TASK DIRECTIONS:
Your answer should be the exact lines of the data below from the one containing "ZNTS Coilover Spring" through the one containing "Muslim women assessing"; please include nothing else.

EXCERPTED RECORDS:
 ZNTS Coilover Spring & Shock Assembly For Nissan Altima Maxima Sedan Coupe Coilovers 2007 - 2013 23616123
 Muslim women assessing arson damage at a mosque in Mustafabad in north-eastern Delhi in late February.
* * *
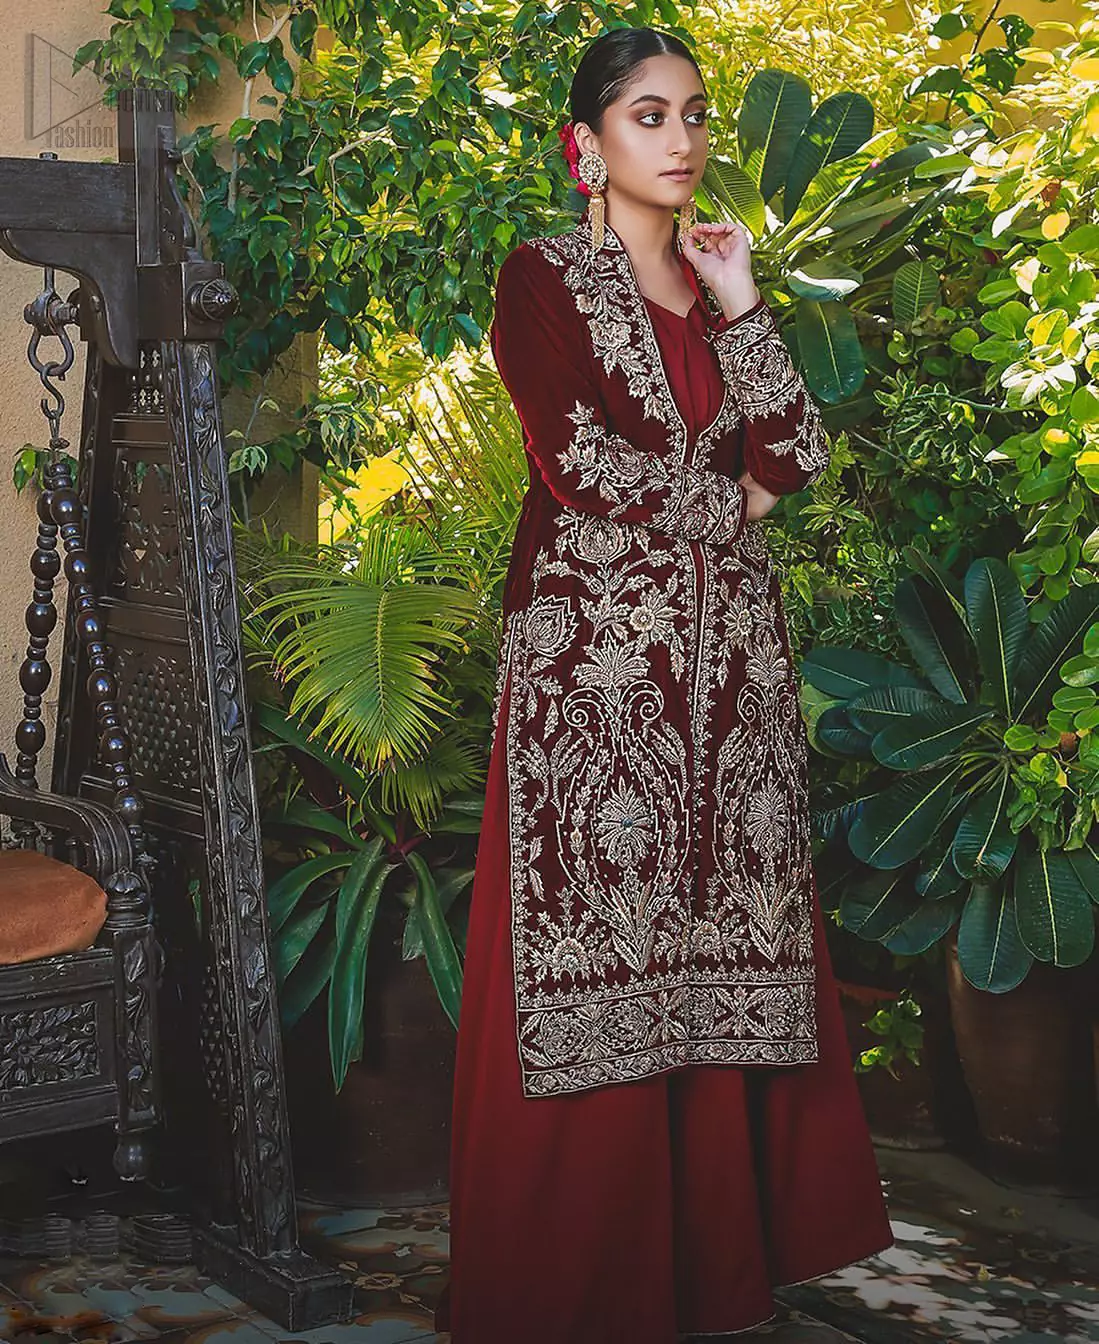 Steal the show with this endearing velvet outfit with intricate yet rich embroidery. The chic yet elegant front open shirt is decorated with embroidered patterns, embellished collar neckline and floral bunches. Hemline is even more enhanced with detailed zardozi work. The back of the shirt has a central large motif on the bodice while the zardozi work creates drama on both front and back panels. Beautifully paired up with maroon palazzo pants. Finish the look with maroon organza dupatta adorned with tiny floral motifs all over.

OUTPUT OF THE TASK:
 ZNTS Coilover Spring & Shock Assembly For Nissan Altima Maxima Sedan Coupe Coilovers 2007 - 2013 23616123
 Muslim women assessing arson damage at a mosque in Mustafabad in north-eastern Delhi in late February.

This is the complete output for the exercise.